Objective
The objective of this document to provide development guidelines for contributors to Pig project.
Error Handling
There are several types of errors in Pig:
User Errors. This includes invalid syntax, working with non-existent data, referring to non-existent relationships, etc. The desired behavior should be to show a meaningful error message to the user and abort the processing. (This does not mean that in the interactive shell we exit though.)
Internal Errors. This are internal problems with pig code that would be handled with asserts in languages like C/C++. An example would be a unchecked NULL pointer. The desired behavior is to notify the user of the failure and to log the stack trace to the client side log file.
Frontend Errors. This are the errors that occur on the Pig client. An example is for instance failure to connect to HOD or access metadata repository when we add support for that. The proper behavior in this case would be to retry a few times and then to the same handling as for Internal Errors.
Backend Errors. This are the errors that happened on the backend during the course of the program execution. An example would be failure to read a DFS file. The desired behavior in this case is to propagate the error from the backend to the frontend and then perform the processing similar to the internal error.
It is helpful to be able to separate different types of errors in our code. Here is the proposal on how to handle them:
For User Errors, throw ParseException that contains meaningful message. For batch and interactive processing, catch the exception in Grunt and log the exception message to stderr. The same can be done with the developer in the embedded case. In debug mode, log the exception stack into the client side log.

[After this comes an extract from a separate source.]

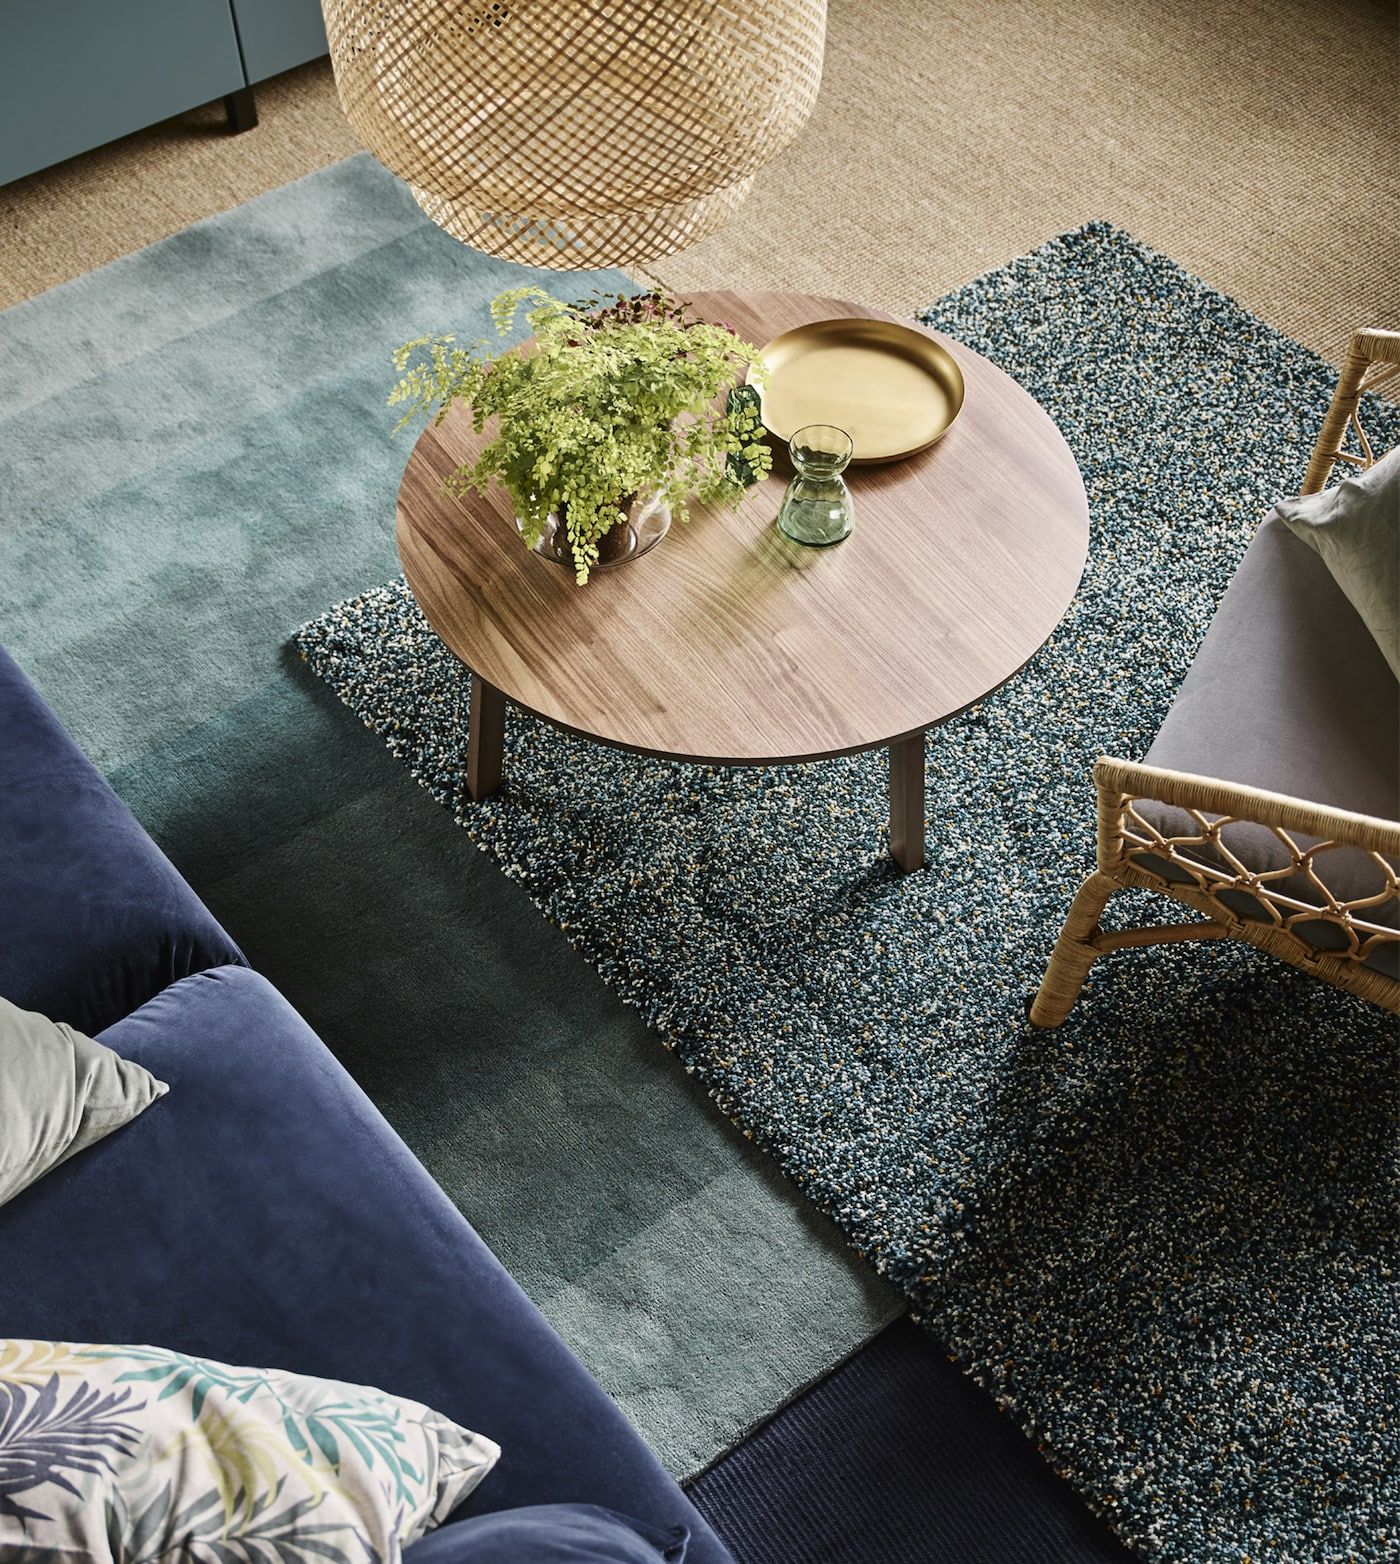 Hai tấm thảm trải sàn đều có hình chữ nhật, đều cùng gam màu xanh nhưng sắc thái và chi tiết khác nhau vẫn tạo nên một vẻ đẹp sang trọng, quyến rũ lạ thường trong không gian tiếp khách được chụp từ trên cao.
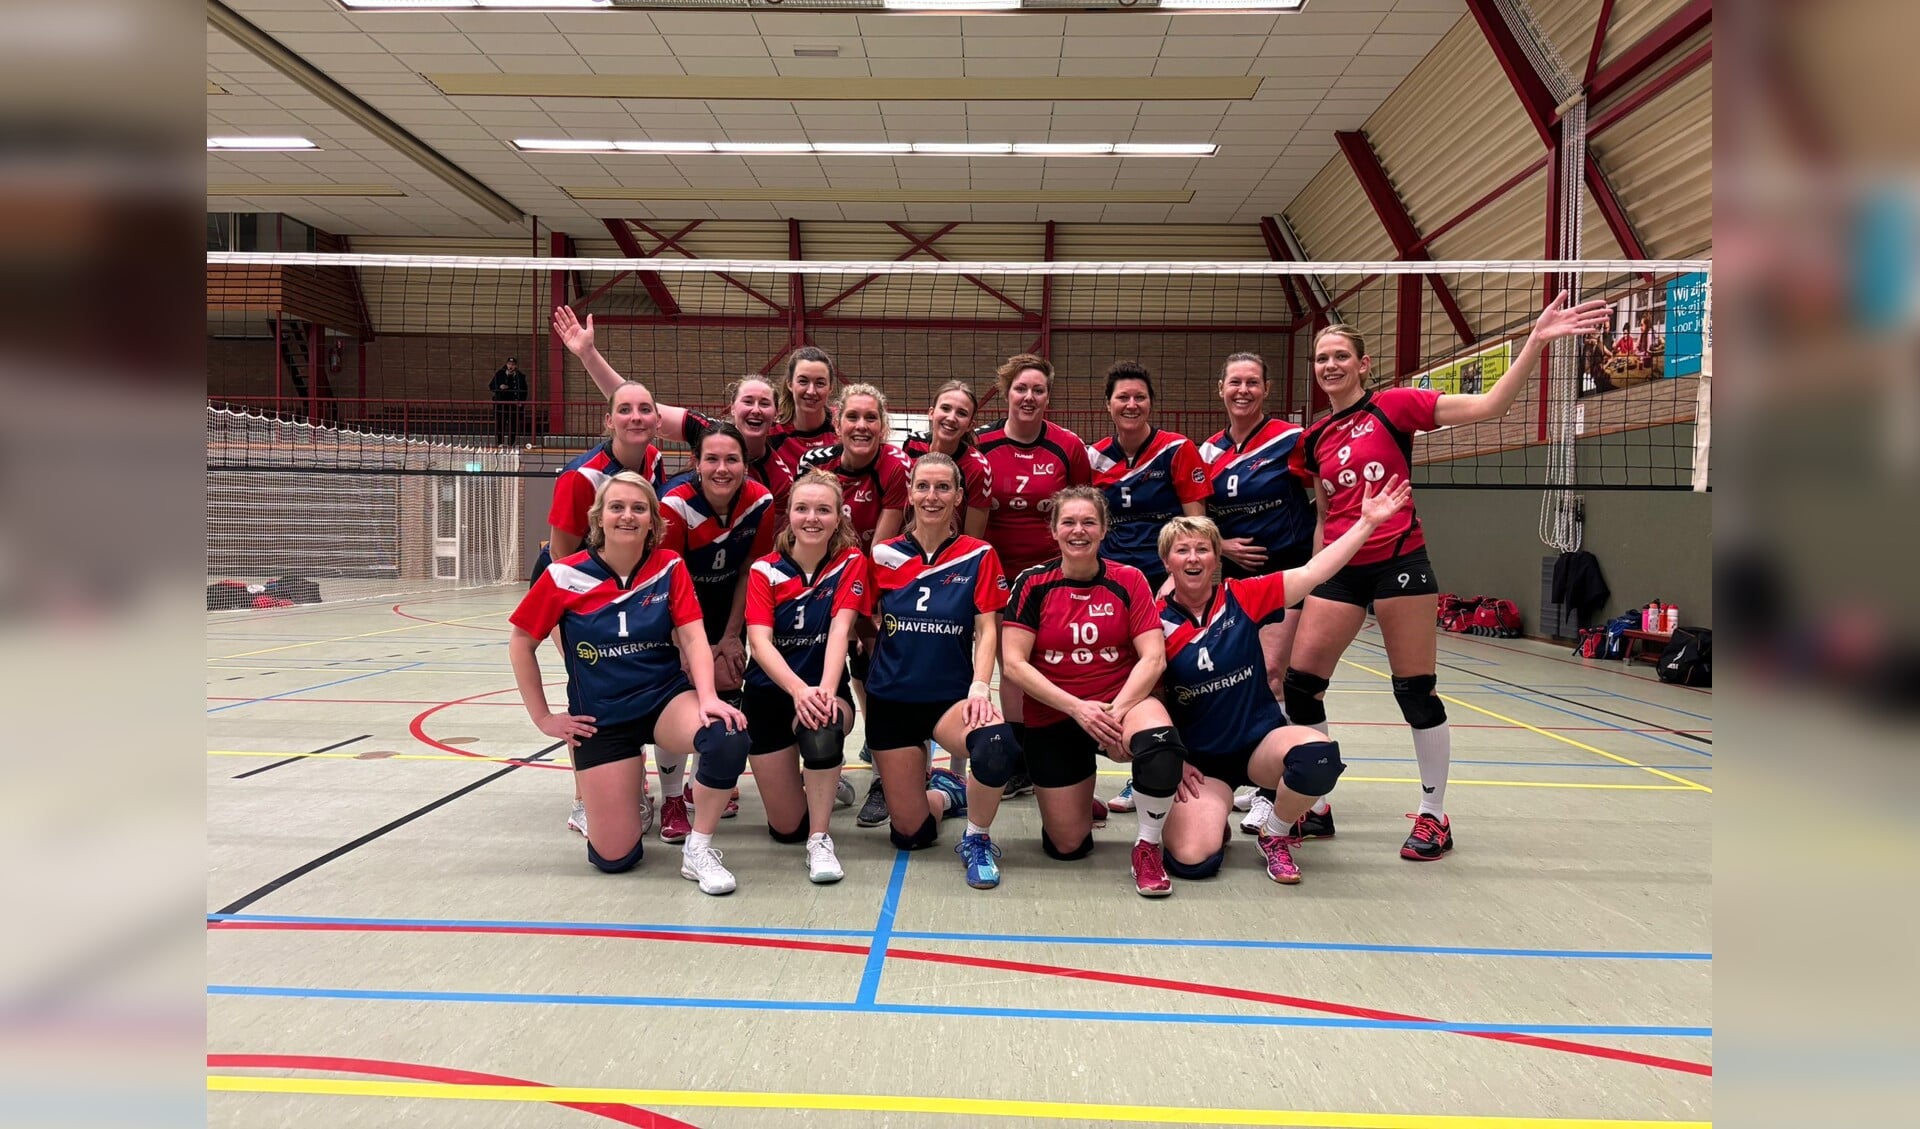 De teams van SNVV uit Sint Nicolaasga en LVC Lemmer spelen tegen elkaar in de mastercompetitie.

For Internal Errors, throw RuntimeException or its derivation. Catch the exception in main, log it, including the stack, to the client side log. Write failure message to stderr pointing to the log file.
For Frontend Errors, throw newly created FrontendException that is a subclass of RuntimeException. Catch the exception in main, log it, including the stack, to the client side log. Write failure message to stderr pointing to the log file. In the future, we might find it useful to further subdivide this errors in which case we might subclass the FrontendException class.
For Backend Errors there will need to be backend specific way to get the error from the backend to the frontend. Once this is done, log the error into client side log file and throw ExecuteException. Catch the exception in main, log it, including the stack, to the client side log. Write failure message to stderr pointing to the log file.